» **What the exercise asks**:
Could the data below please be reproduced word for word, without the pictures?

» **Given data**:
◇ ◇ ◇ ◇ ◇ ◇ ◇

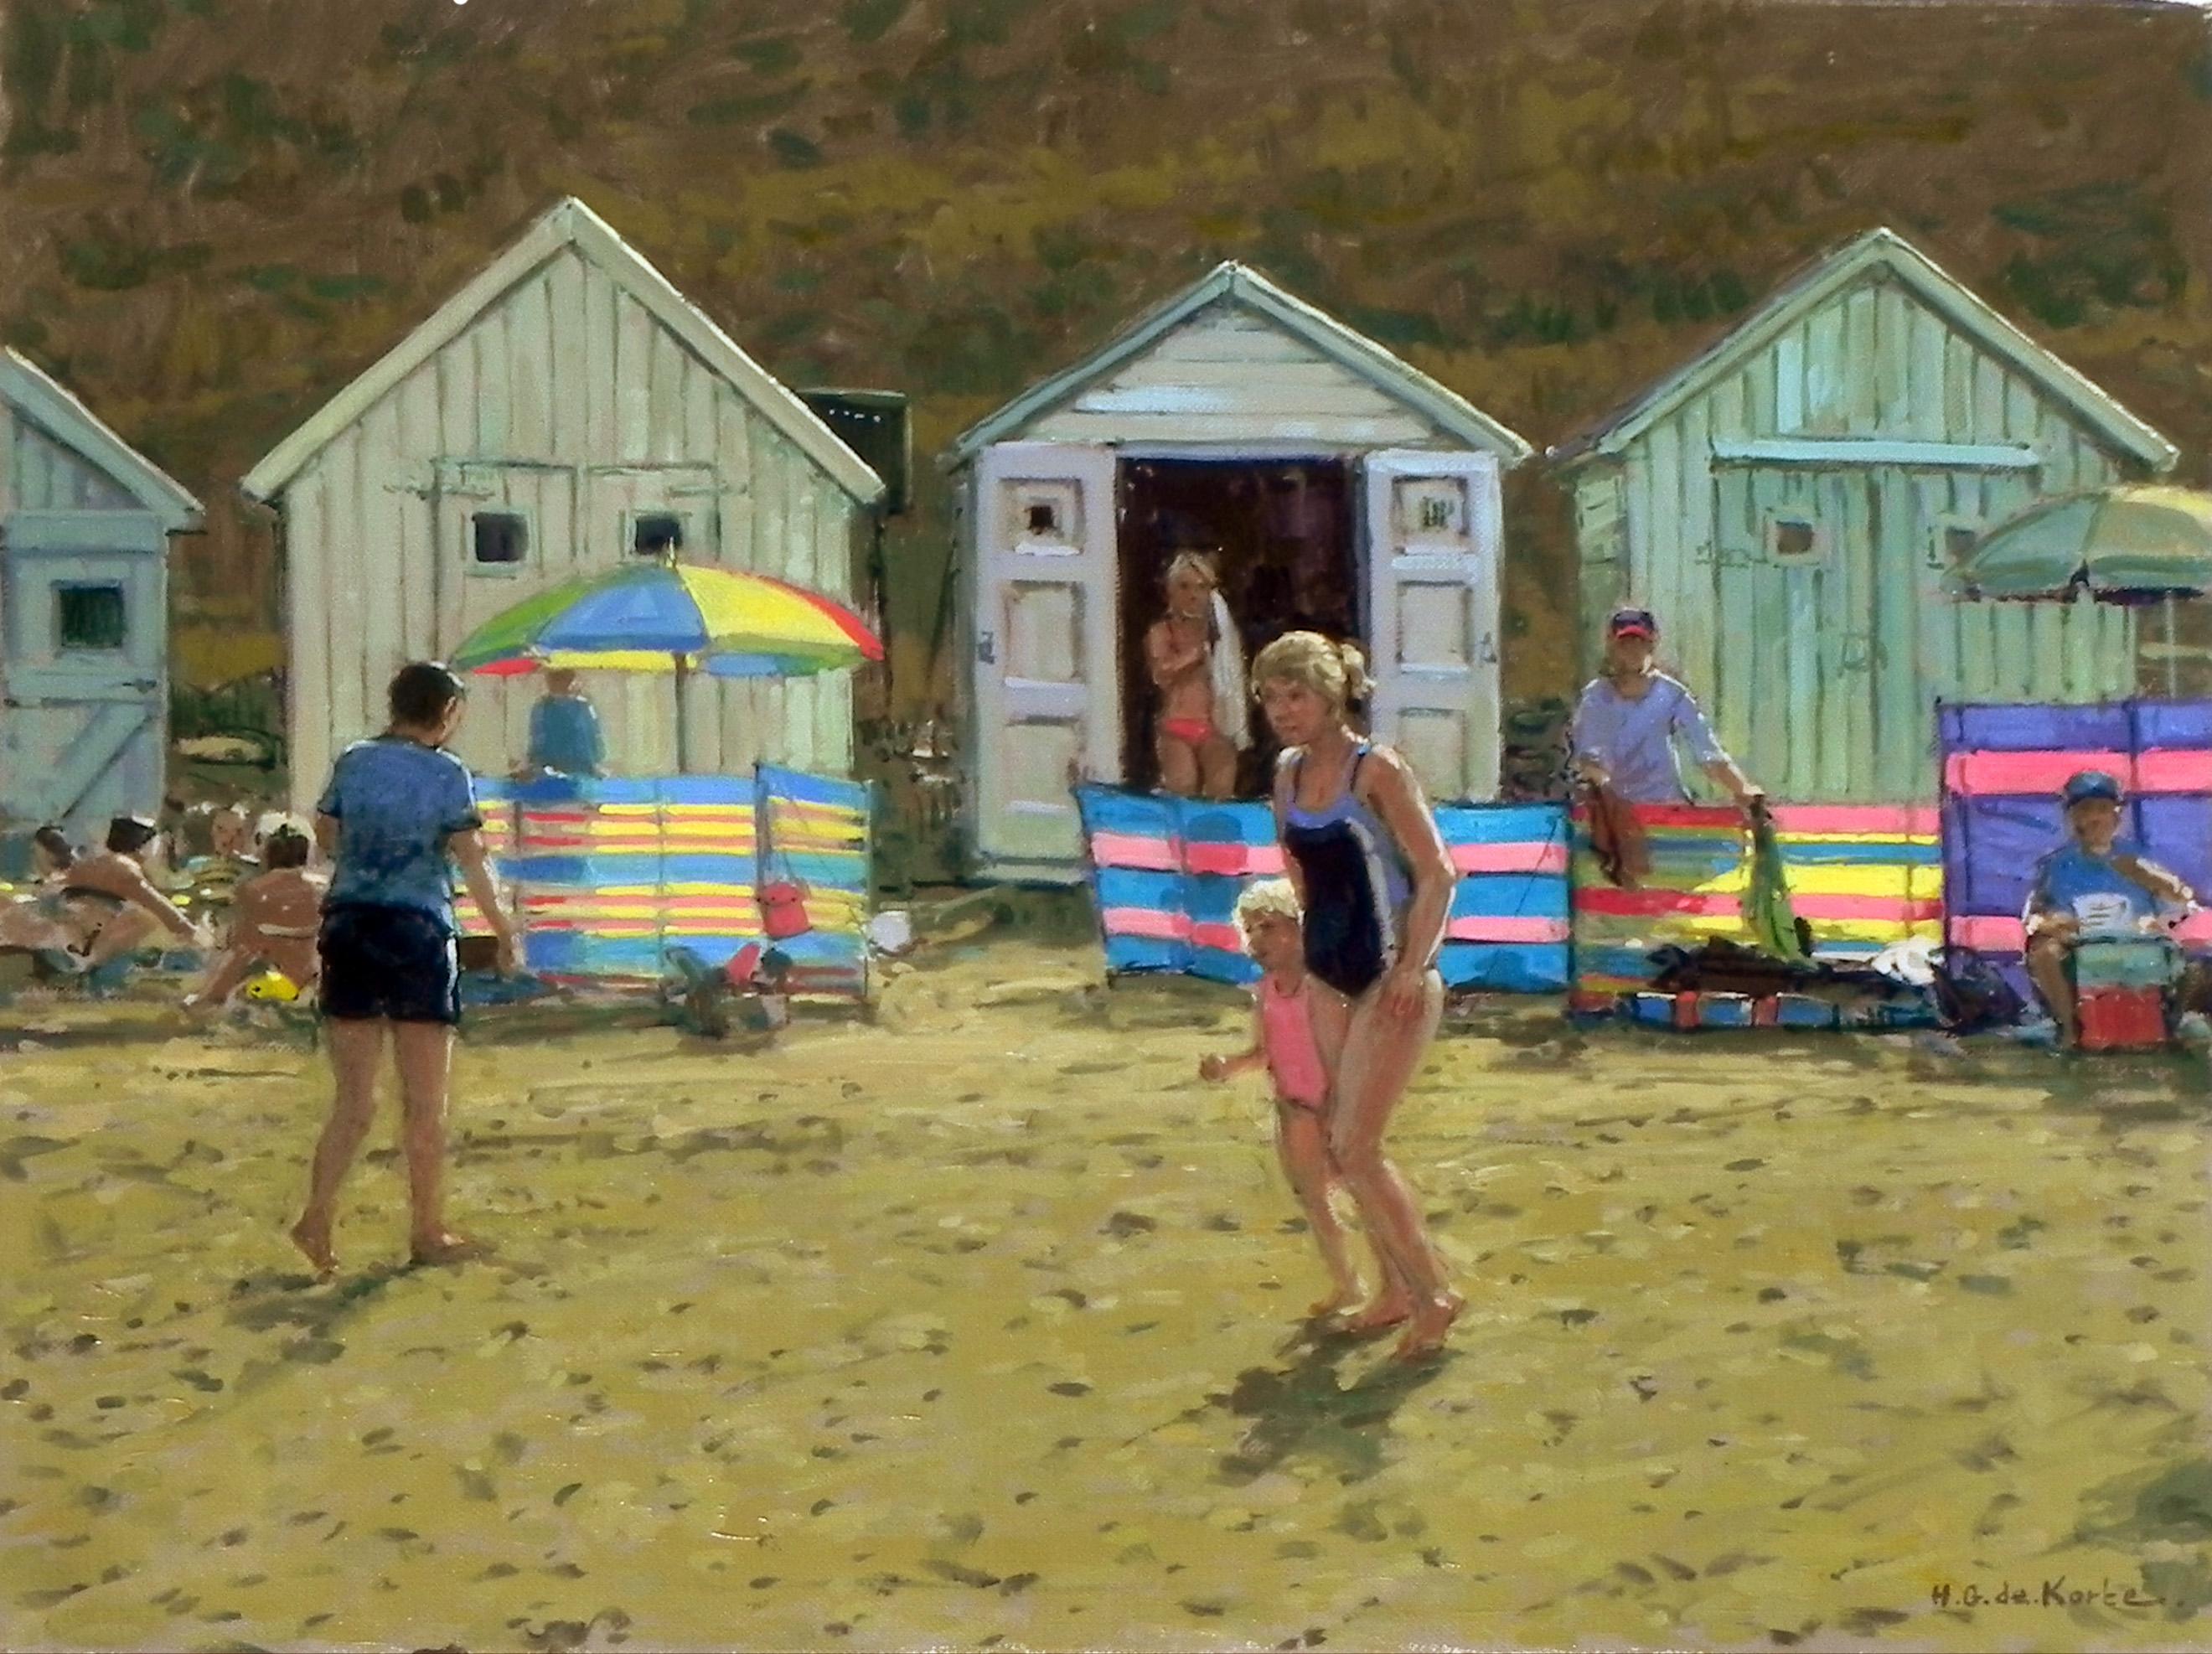 "Day at the Beach", Henni de Korte, 20x24 in, Oil on Canvas, Impressionism
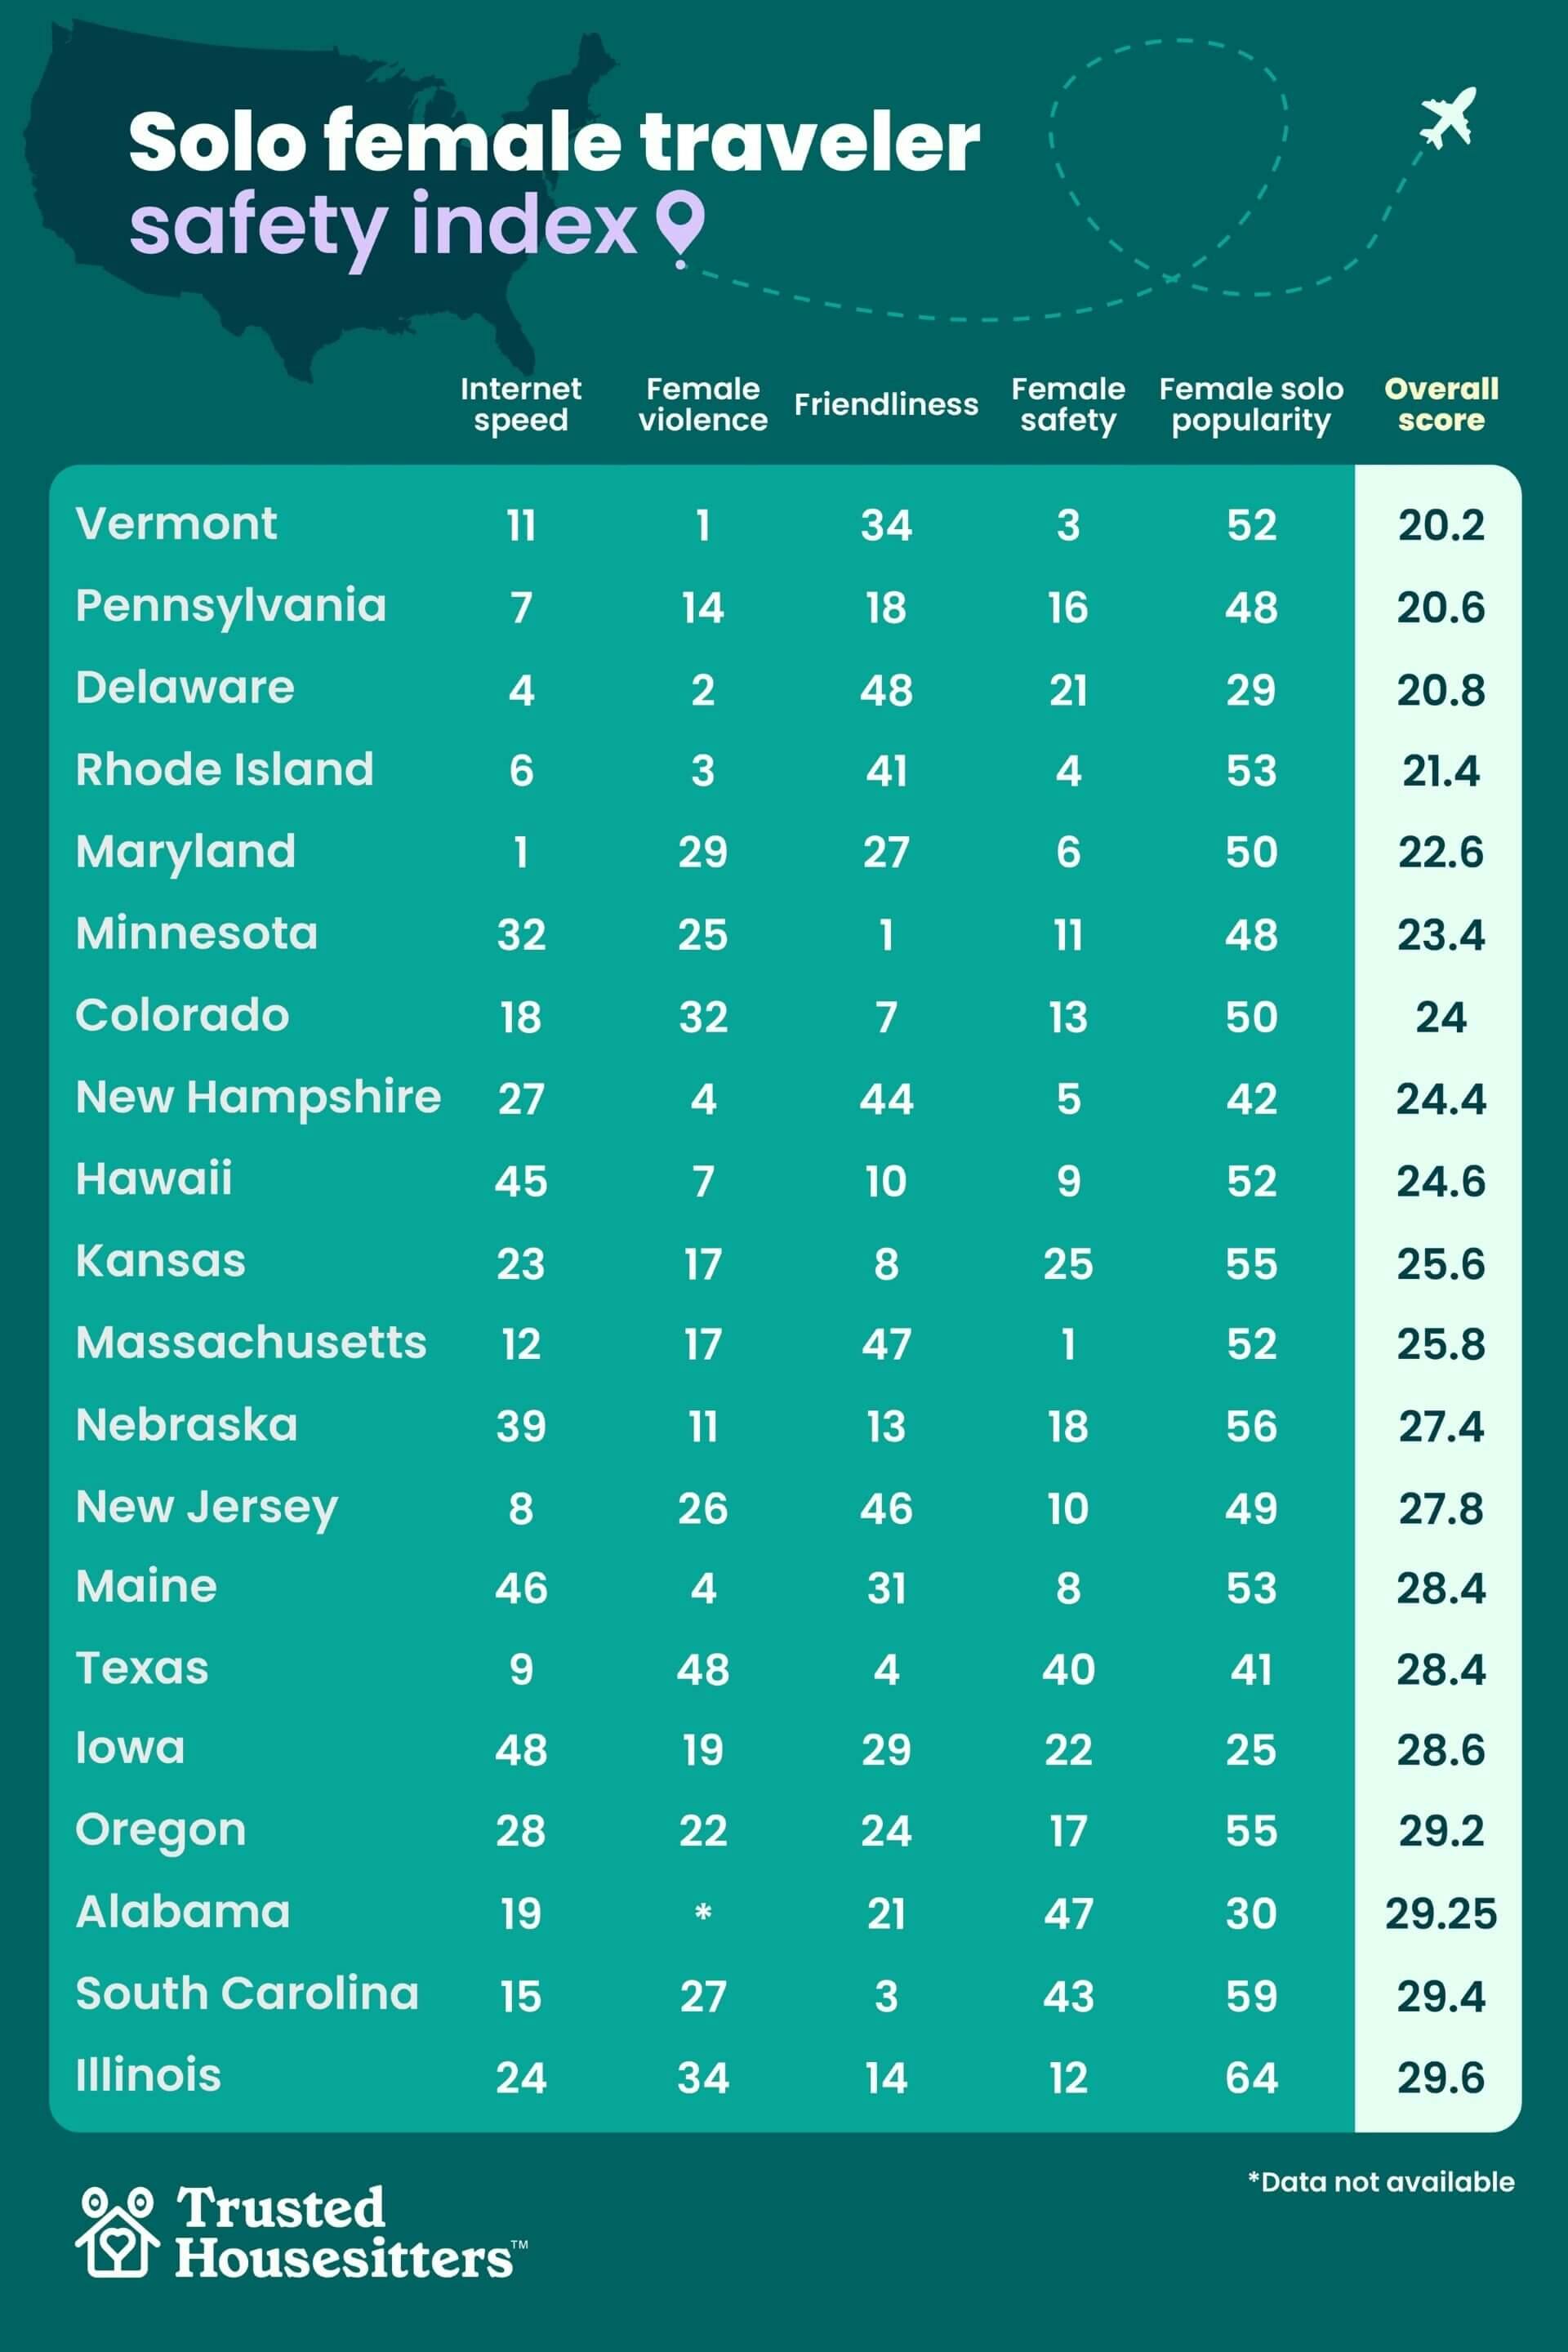 A table showing the TrustedHousesitters Solo female travel safety index.
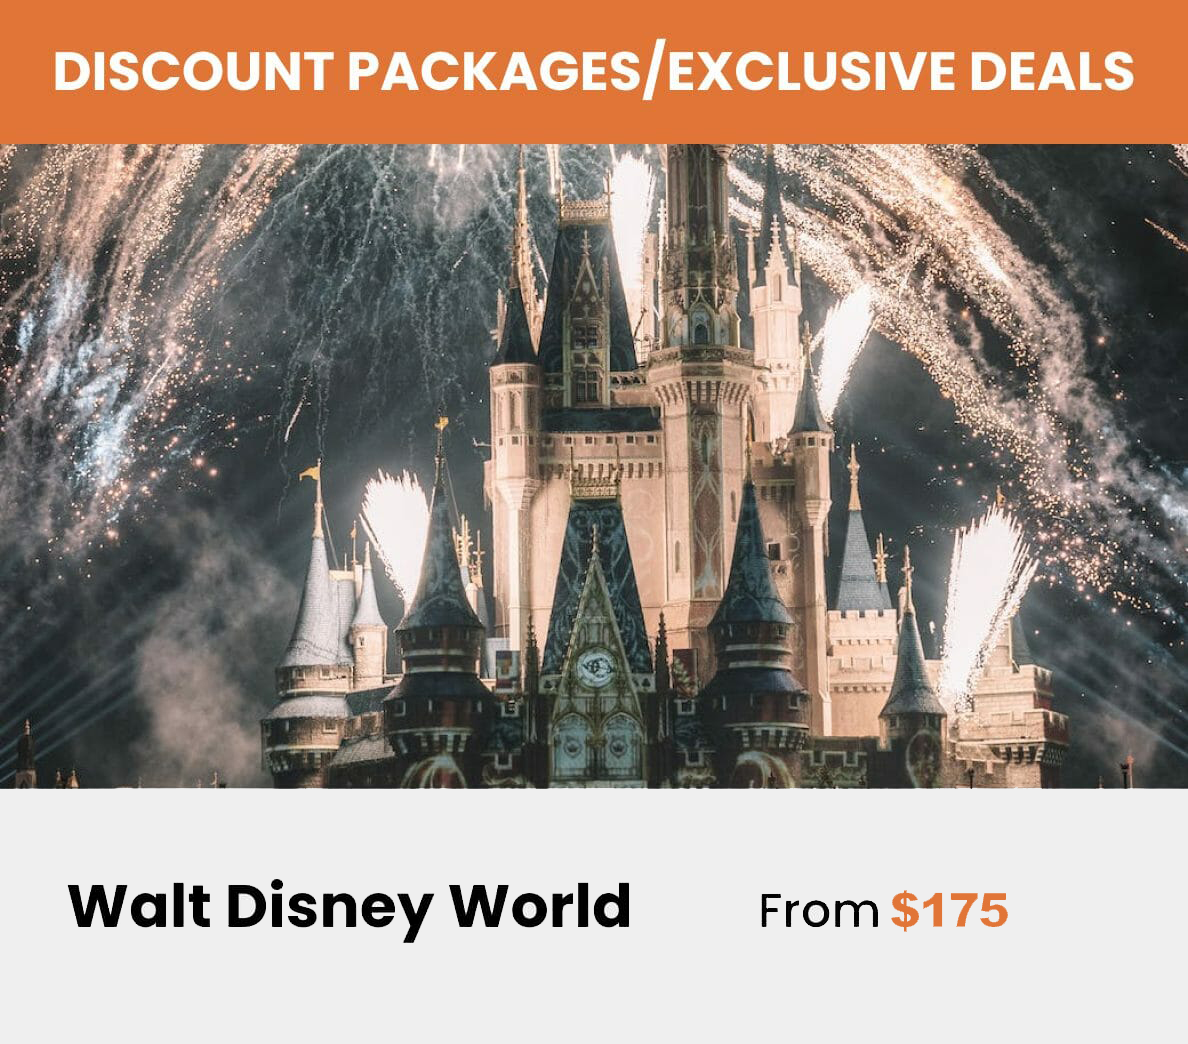 Walt Disney World Discount Package and Exclusive Deals Orlandovacation.com

◇ ◇ ◇ ◇ ◇ ◇ ◇

» **Answer for this exercise**:
 "Day at the Beach", Henni de Korte, 20x24 in, Oil on Canvas, Impressionism
 A table showing the TrustedHousesitters Solo female travel safety index.
 Walt Disney World Discount Package and Exclusive Deals Orlandovacation.com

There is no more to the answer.